The mandarins went into a large, finely-decorated hall, where the governor received them standing, they making many bows and compliments to him after their fashion, and he replying to them after his.
They told him through the interpreters that their king had sent them, with a Chinaman whom they had with them in chains.
They wanted to see an island of gold, called Cabit, which he said belonged to no one. [162]
They said that this man had asked for ships to take this gold.
- If it were a lie, then they could punish him with his life.
The governor replied briefly, saying only that they were welcome, and appointed them quarters in 2 houses within the city which had been prepared for them, in which they and their men could lodge.
He said that the business would be discussed afterwards.
Thereupon they left the royal houses again, and at the doors mounted in their chairs on the shoulders of their servants, who were dressed in red, and were carried to their lodgings, where the governor ordered them to be supplied fully with whatever they needed during the days of their stay.
The coming of these mandarins seemed suspicious. Their purpose to be different from what they said, because it seemed a fiction for people, of so much understanding as the Chinese, to say that their king was sending them on this business.
They were told by local Chinese that these mandarins were coming to see the land and study its nature because the king of China wanted to attack with 100,000 men before the end of the year, to take the country.
The governor and the Audiencia thought that:
- they should be very careful in guarding the city
- these mandarins should be well treated, but they should not go out of the city
These mandarins were beginning to administer justice among the Sangleys. They were told not to do it.
- This made the mandarins were somewhat angry.
He asked them to treat of their business, and then to return to China quickly.
He warned the Spaniards not to show that they understood or were suspicious of anything other than what the mandarins had said.
The mandarins had another interview with the governor, and he told them more clearly,
The governer told the mandarins that:
- their coming was some joke
- he was astonished that their king would believe that Chinaman
- the country belonged to his Majesty.
The governor, to cut short the business, sent the mandarins, with their servants and the prisoner, to Cabit, which is the port, 2 leguas from the city.
There they were received with a great artillery salute, which was fired suddenly as they landed, at which they were very frightened and fearful.
When they had landed, they asked the prisoner if that was the island of which he had spoken to the king, and he replied that it was.
They asked him where the gold was, and he replied that everything there was gold and that he would make his statement good with the king.
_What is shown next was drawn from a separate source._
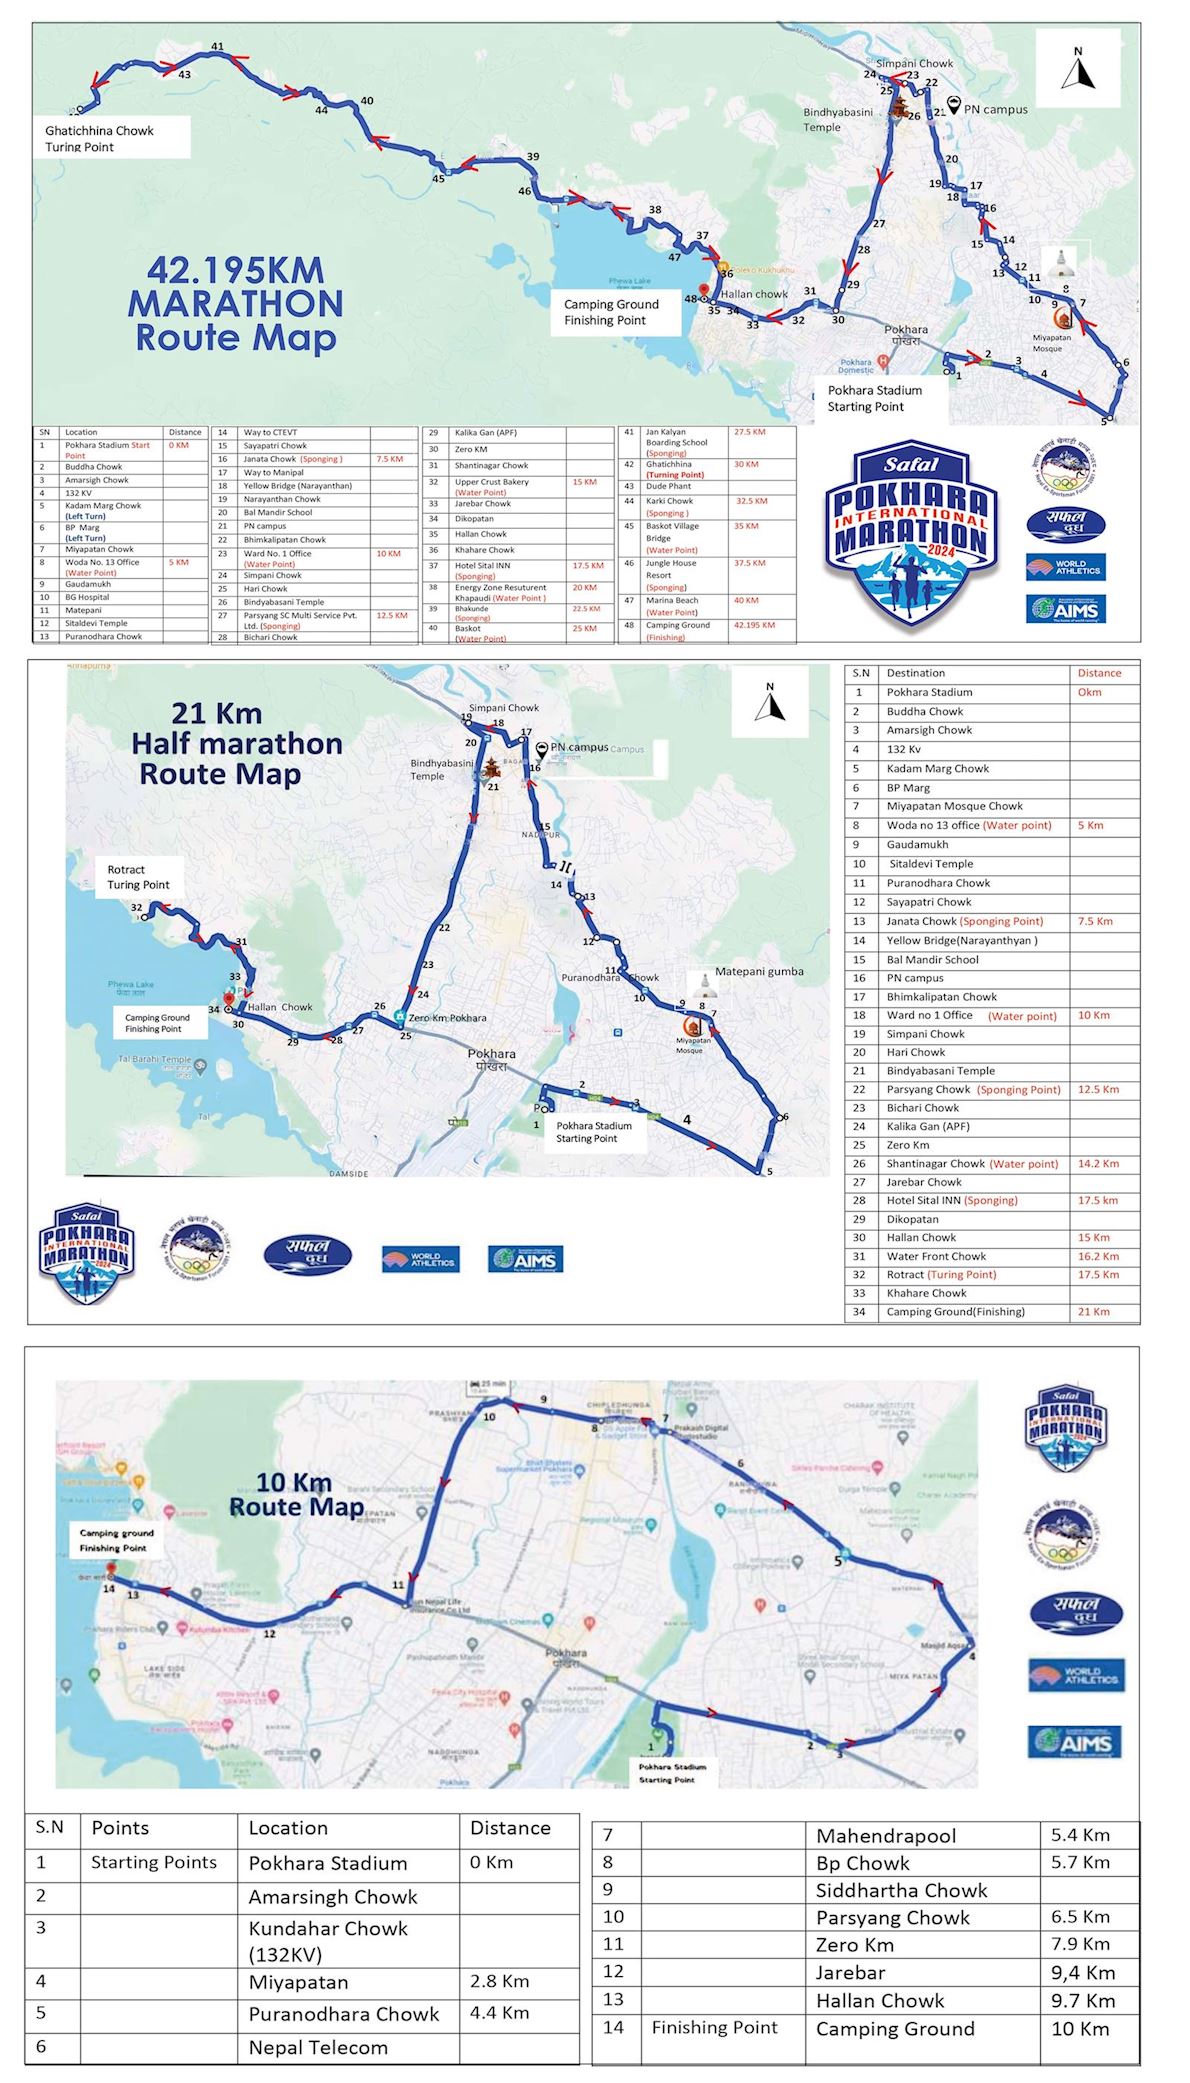 Pokhara International Marathon 路线图

They asked him other questions and he always replied the same thing.
Everything was written down in the presence of some Spanish captains who were there with some confidential interpreters.
The mandarins ordered a basketful of earth to be taken from the ground, to take to the king of China, and then, having eaten and rested, they returned to Manila the same day, with the prisoner.
The interpreters said that the prisoner, when hard pressed by the mandarins to answer their questions.
He had said that there was much gold and wealth in the hands of the natives and Spaniards of Manila.
If they gave him a fleet with men, he offered, as a man who had been in Luzon and knew the country, to capture it and bring the ships back laden with gold and riches.
This, together with what some Chinamen had said at the beginning, seemed very much to have more meaning than the mandarins had implied, especially to Don Fray Miguel de Benavides, archbishop-elect of Manila, who knew the language.
Thereupon the archbishop and other religious warned the governor and the city, publicly and privately, to look to its defense, because they felt sure of the coming of the Chinese fleet against it shortly.
Then the governor dismissed the mandarins and embarked them on their ship, with their prisoner, after giving them some pieces of silver and other things with which they were pleased.
The people thought unreasonable that the Chinese would attack.
Yet the governor began covertly to:
- prepare ships and other things suitable for defense
- completed extensive repairs on:
- the fort of Sanctiago at the point of the river
- the fort he built on the inside a wall of great strength, with its wings, facing toward the parade ground.